Simple — the system can be implemented in around 200 lines of C, with error handling.
Inspectable — the serialized data is self-describing and can be easily converted to a text format, allowing it to be trivially inspected.
Fast — The resultant data is stored as binary and can be read linearly without any intermediate representation (eg. not parsed to a tree) and written with very little state (eg. needing only a map of string => offset if we choose to intern our strings).
Robust — The format is both backwards and forwards compatible and supports being read partially (eg. we could take the just the start of the data and read that without needing to load the entirety of the data)

Format Overview

The system stores the data as a contiguous series of values. Each value consists of a "tag" byte representing the value’s type, followed by the data of the value. Thus something like a 64bit float would be stored as 1 byte with the enum TYPE_F64, followed by 8 bytes storing the float value itself.

Strings are stored as the tag byte, an integer representing the length of the string and the string data; the string is always followed by a single "null" byte — this is done to simplify things when working with C; since the data is always read from memory it allows us to use the strings directly while without copying them during the reading process — the zero-byte can be omitted if the data is intended to be used only with languages which do not use null-terminated strings.
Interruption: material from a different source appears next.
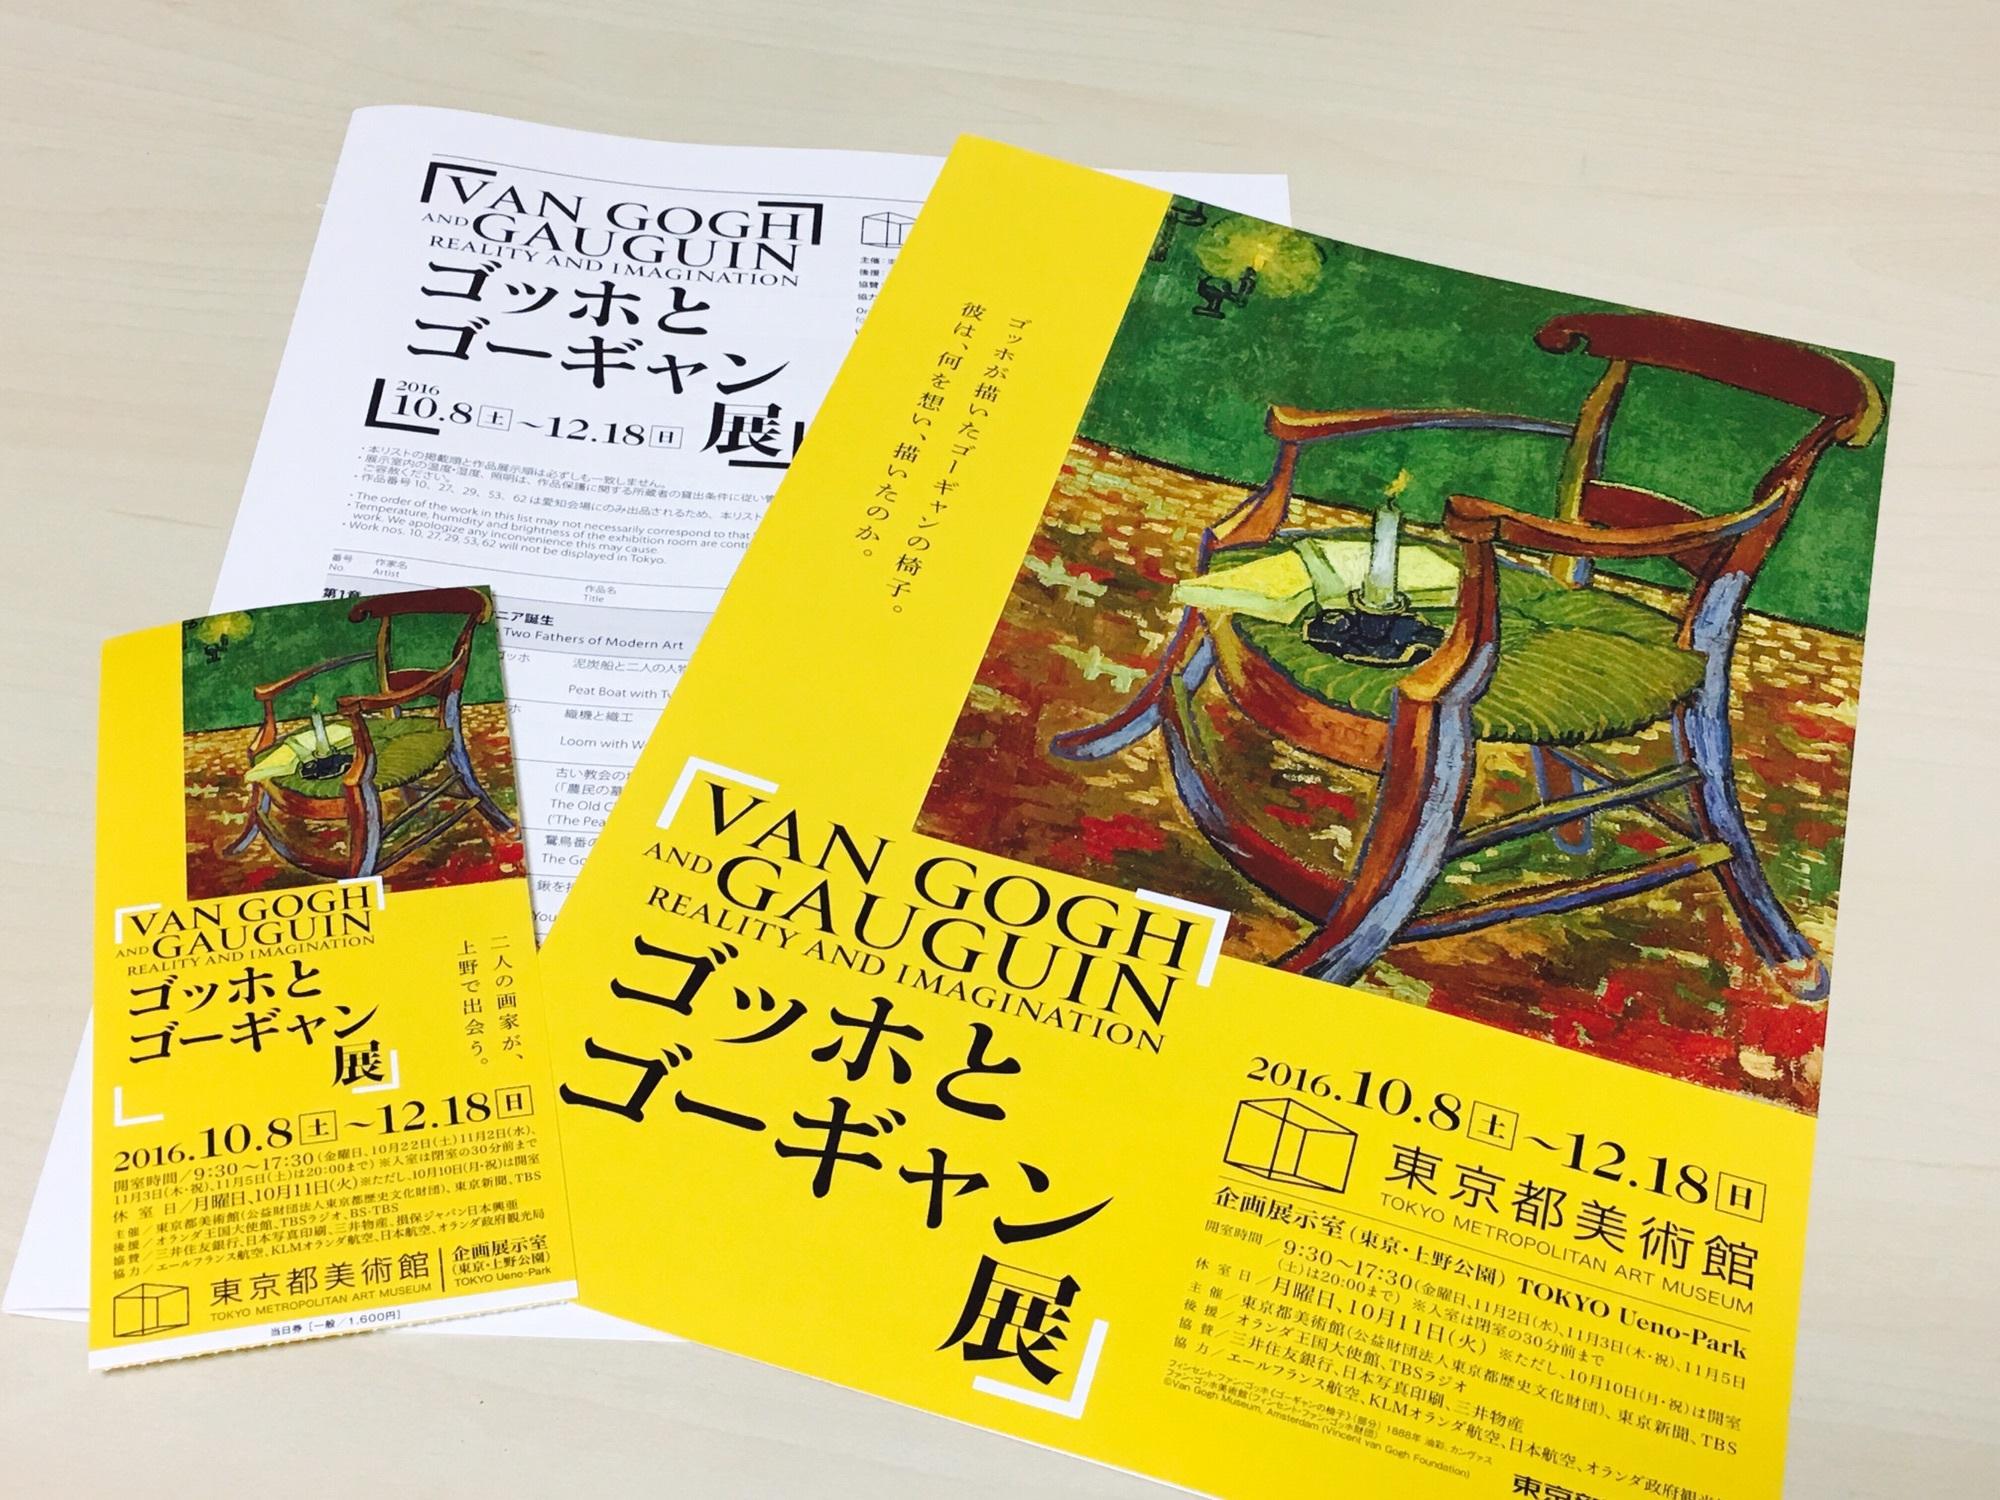 下の写真 模写した「ゴッホの椅子」を含む美術の課題ポスター

In addition to scalar values and strings, the format supports arrays and objects. Arrays and objects work the same: a tag byte indicating either TYPE_ARRAY or TYPE_OBJECT followed by the contained values and a single tag byte of TYPE_END to indicate the end of the array/object. The only distinction between an array and object is in that arrays store a series of values (eg. value, value, value, etc.), where as an object stores a series of pairs of values (eg. key, value, key, value, key, value, etc.). Although both arrays and objects effectively work the same and we could make do using only arrays, two distinct types are used mainly to make things clearer when inspecting the data.

Usage

To give you an idea of what the serialization system might look like when implemented, below shows how one might write functions to serialize and deserialize a Rect struct using the system described in this write-up:

typedef struct {
    double x, y, w, h;
} Rect;


void write_rect(Writer *w, Rect r) {
    write_object(w);
    write_string(w, "x"); write_f64(w, r.x);
    write_string(w, "y"); write_f64(w, r.y);
    write_string(w, "w"); write_f64(w, r.w);
    write_string(w, "h"); write_f64(w, r.h);
    write_end(w);
}


void write_rects(Writer *w, Rect *rects, int count) {
    write_array(w);
    for (int i = 0; i < count; i++) {
        write_rect(w, rects[i]);
    }
    write_end(w);
}


Rect read_rect(Reader *r, Value obj) {
    Rect res = {0};
    Value key, val;
    while (iter_object(r, obj, &key, &val)) {
        assert(key.type == TYPE_STRING);
        /**/ if (!strcmp(key.s, "x")) { res.x = val.f; }
        else if (!strcmp(key.s, "y")) { res.y = val.f; }
        else if (!strcmp(key.s, "w")) { res.w = val.f; }
        else if (!strcmp(key.s, "h")) { res.h = val.f; }
    }
    return res;
}

// reads up to `max_count` rects into the `rects` array and returns the number
// of rects read — note: if you have a dynamic array as part of your base
// library, it could be used here instead of the fixed `rects` array
int read_rects(Reader *r, Value arr, Rect *rects, int max_count) {
    Value val;
    int i = 0;
    while (iter_array(r, arr, &val) && i < max_count) {
        rects[i] = read_rect(r, val);
        i++;
    }
    return i;
}

Note that the use of macros (or, in other languages reflection) are not present in the above code. I’ve found that doing this tends to be detrimental; although the code seems verbose at a glance, it has the advantage of being mind-numbingly simple and immediately understandable at first glance. Additionally since the serialization of everything is fully explicit we can manually handle backwards compatibility explicitly and trivially.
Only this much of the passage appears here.